Why Changing Routers or Plugging in Directly Works:

The reason why changing routers, plugging in your computer directly to your modem, or even taking in your router back to Apple works is because the minute you do any of those things, your IP address changes. This is because most ISPs link the IP address that you are given to your MAC address. Once the MAC address changes (you changing routers, plugging in directly, etc), your ISP will give you a new IP address. When you plug back in your original router, your ISP will return the IP address that you previously had (in most cases. Sometimes, it will give you a completely new address again).

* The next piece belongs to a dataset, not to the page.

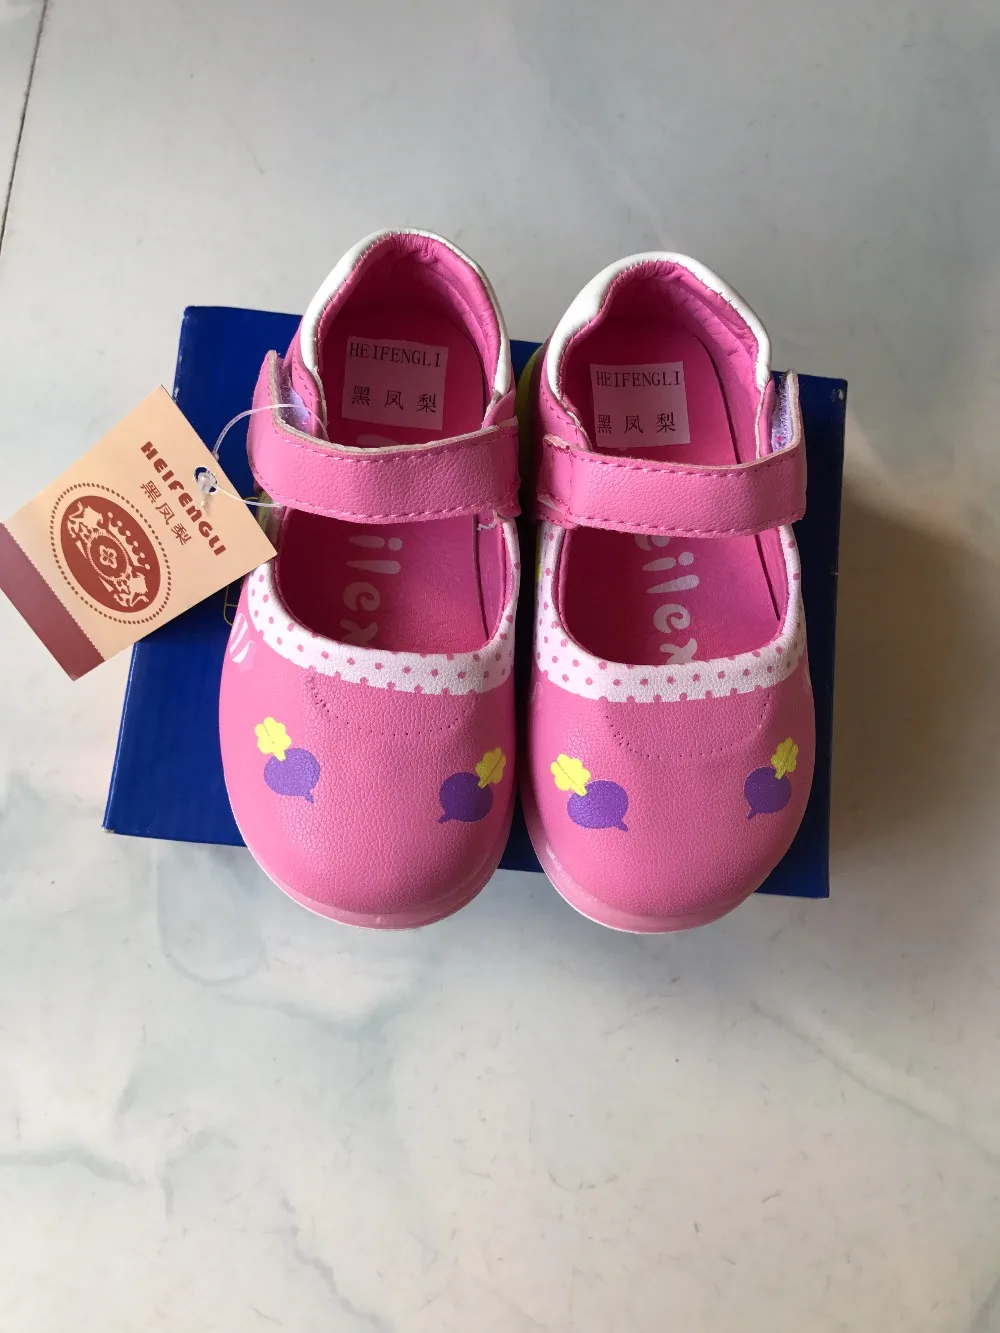 2017, Новая мода Дети Обувь свет Обувь дети тапки Обувь легкие крылья USB детская Спортивная обувь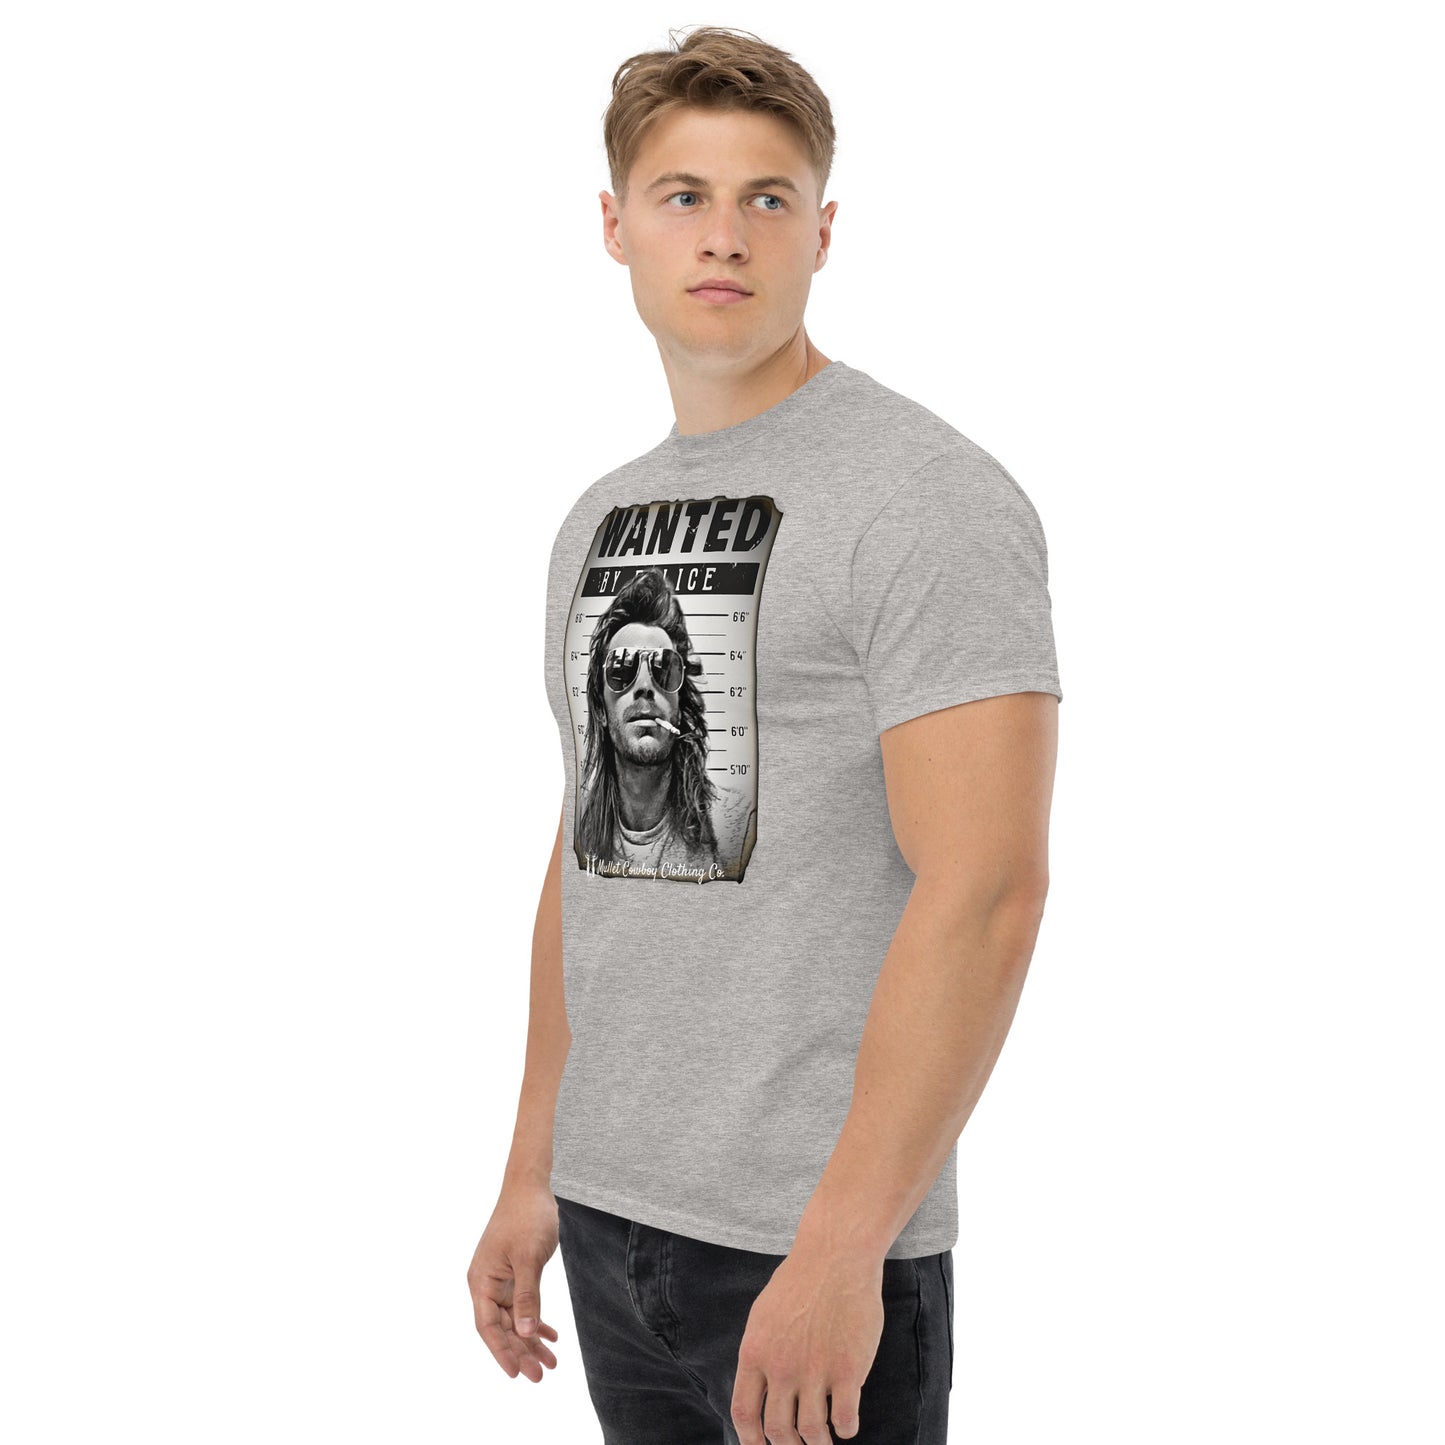 Mullet Cowboy Wanted T-Shirt

Why this issue is more common with the AEBS than other routers:

In general, this issue is more common with the AEBS (along with cheaper routers) is because the AEBS (along with cheaper routers) generally do not contain QoS (quality of service) controls. Now, for those of you who are technical, you may note that QoS's purpose isn't about preventing you from being banned. And, that is true. For those of you who are not technical, QoS is a process by which your internet bandwidth is regulated by your router so that higher priority items (such as a VoIP phone or a video game) can have more bandwidth available to them when multiple devices are trying to access the Internet at the same time. The reasons why routers with QoS do not experience this issue as often (if ever) is because one of the things that they do is rate and thread limiting. Because your throughput rate and threads are distributed more evenly (rather than a free for all), chances are you will not experience the issue since products like csf work by detecting uneven or rapid connections.

Conclusion:

So, in conclusion, 99% of the time, you are being blocked on the other end. To solve the issue, you generally will have to contact the site owner to have your IP address unblocked. If you are using AEBS, the best thing to do would be to disconnect your AEBS from your internet connection for 24 hours and then plug it back in (most ISPs will assign you a new IP if you are offline for 24 hours or more). Also, try to limit the number of tabs that you open to the same site. If you are being blocked by your own site (and, your site uses CPanel, which it likely does), go into your CPanel settings (WHM settings) (from another connection, of course), go to CSF, remove the ban on your IP address, and add it to the exclusion list.

I found the problem for me to be IPv6 was getting a wan address, DNS and set to auto; so I changed it to "local link only" and that fixed it.